- **THE DATA**
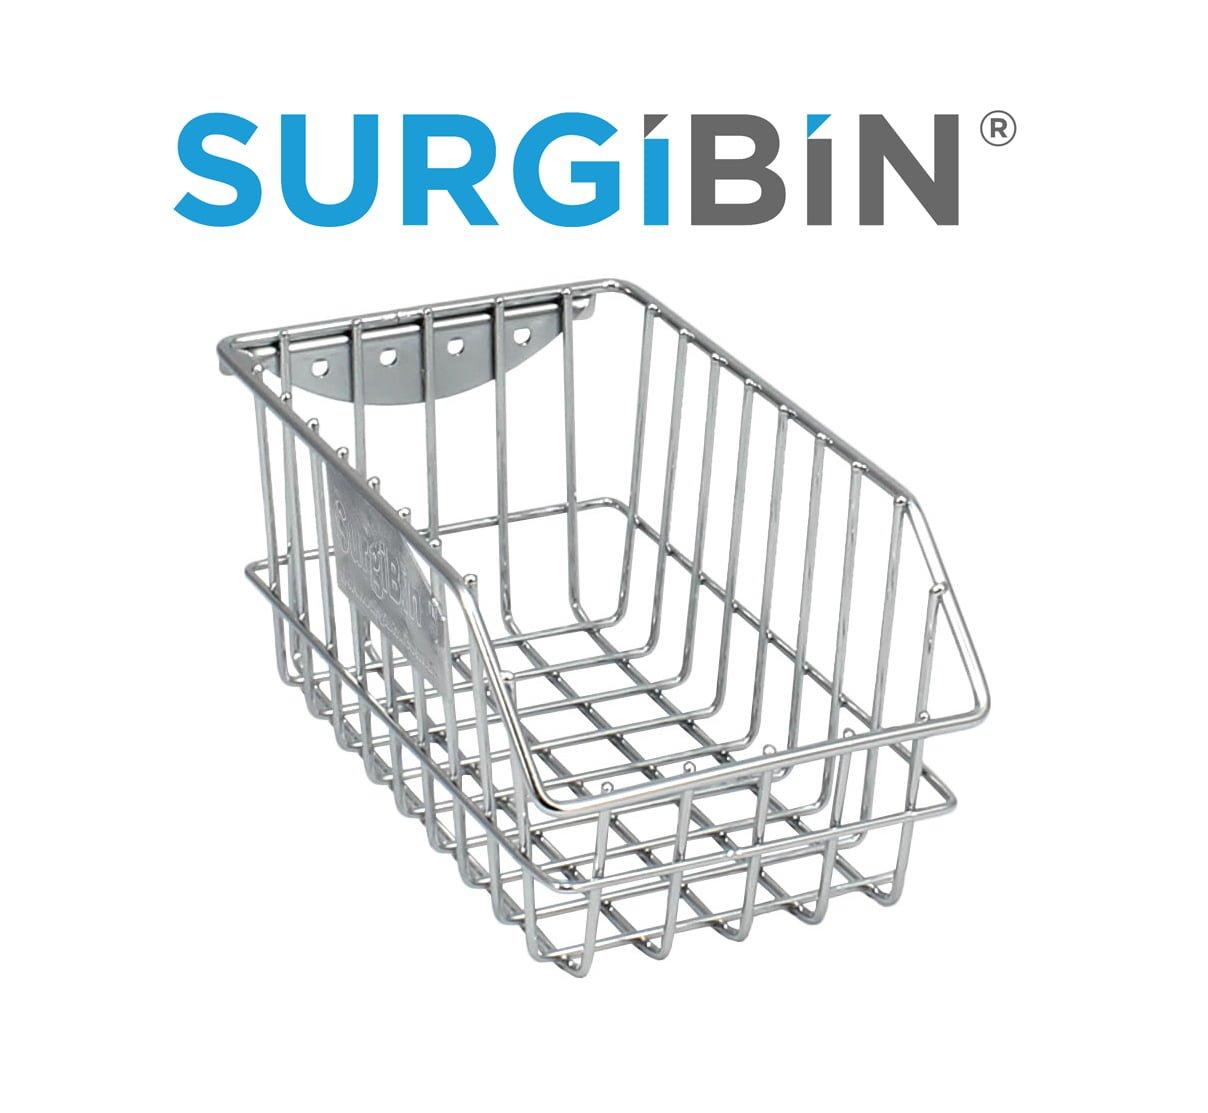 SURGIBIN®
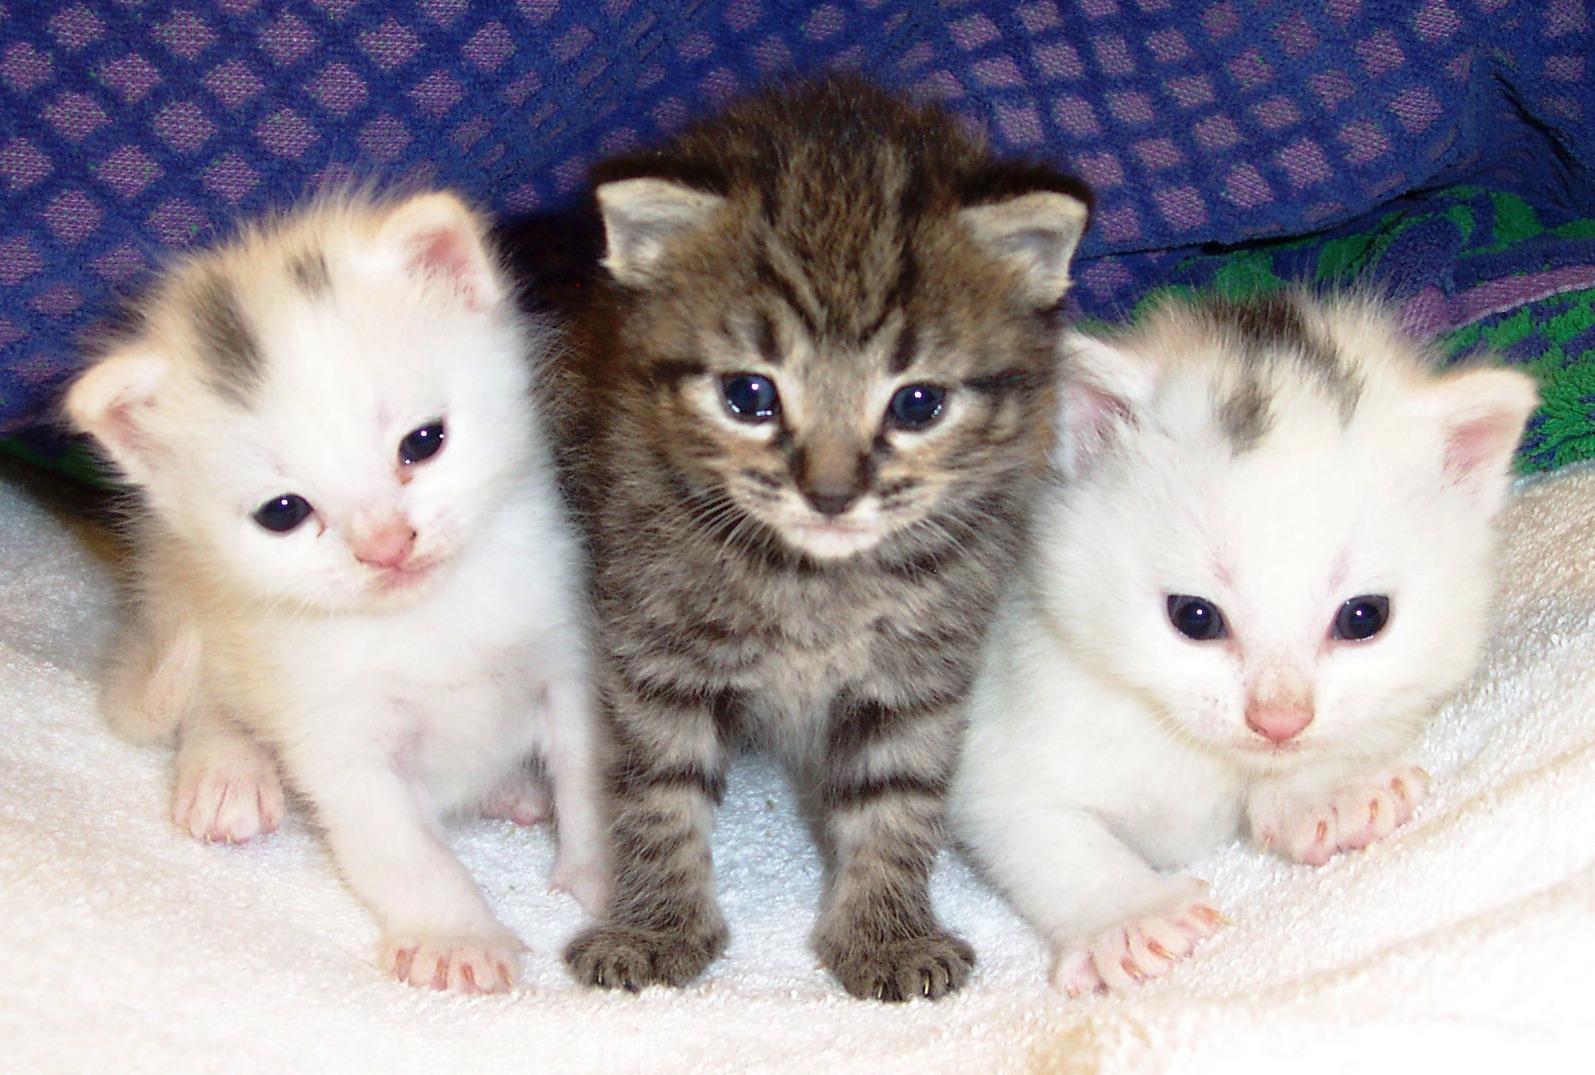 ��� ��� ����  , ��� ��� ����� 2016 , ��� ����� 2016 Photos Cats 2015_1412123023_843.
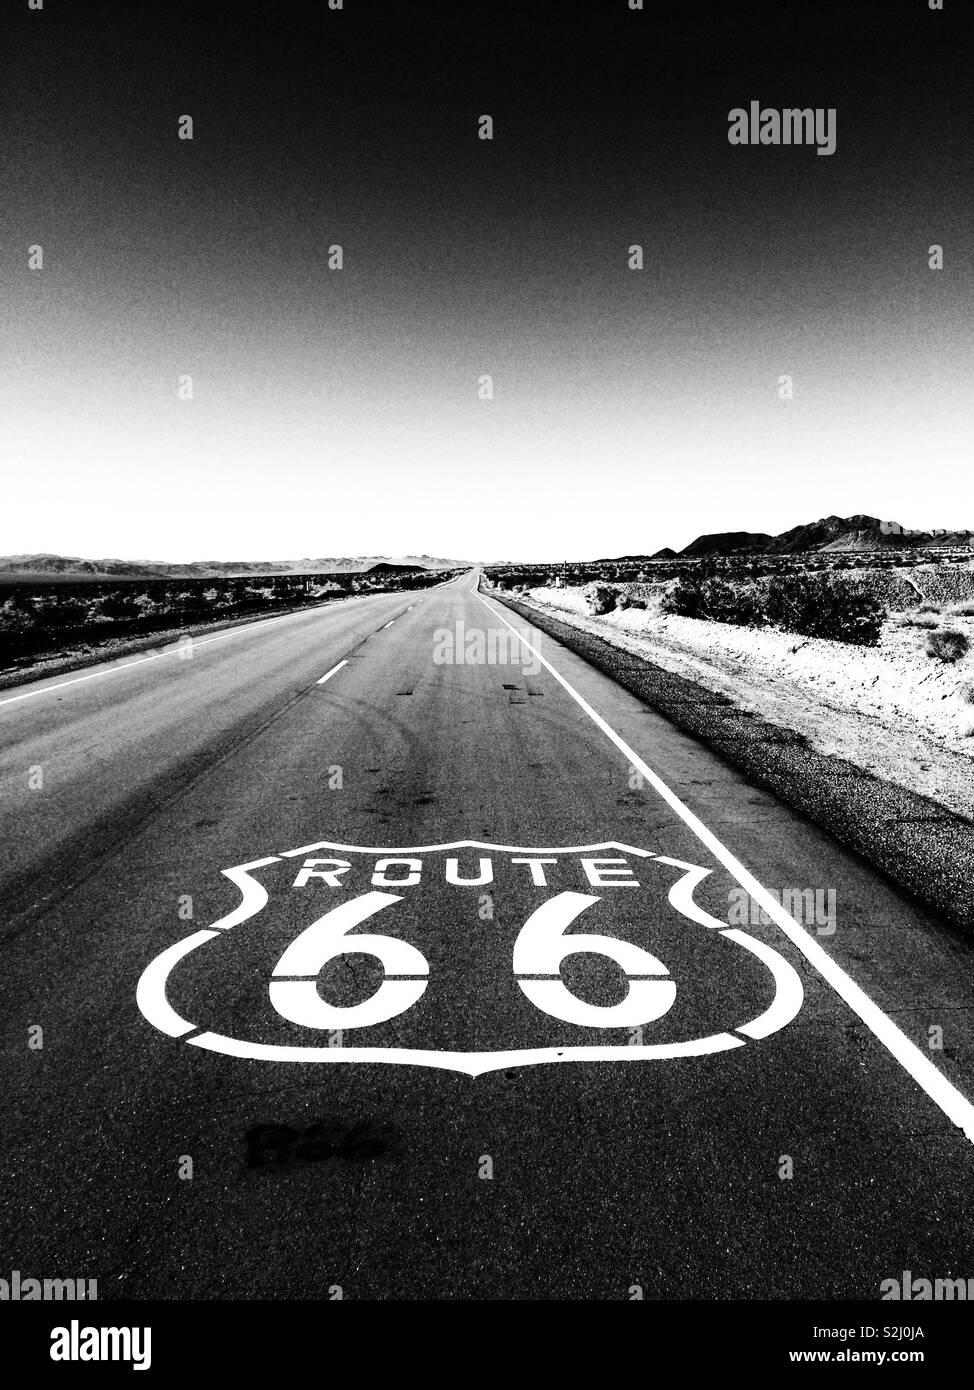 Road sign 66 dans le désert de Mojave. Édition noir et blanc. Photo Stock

- **THE PROBLEM**
Reproduce exactly and only the lines from the line that contains "Photos Cats 2015_1412123023_843." to the end of the data above, both ends included. No pictures go in the copy.

- **WRITTEN ANSWER**
 ��� ��� ����  , ��� ��� ����� 2016 , ��� ����� 2016 Photos Cats 2015_1412123023_843.
 Road sign 66 dans le désert de Mojave. Édition noir et blanc. Photo Stock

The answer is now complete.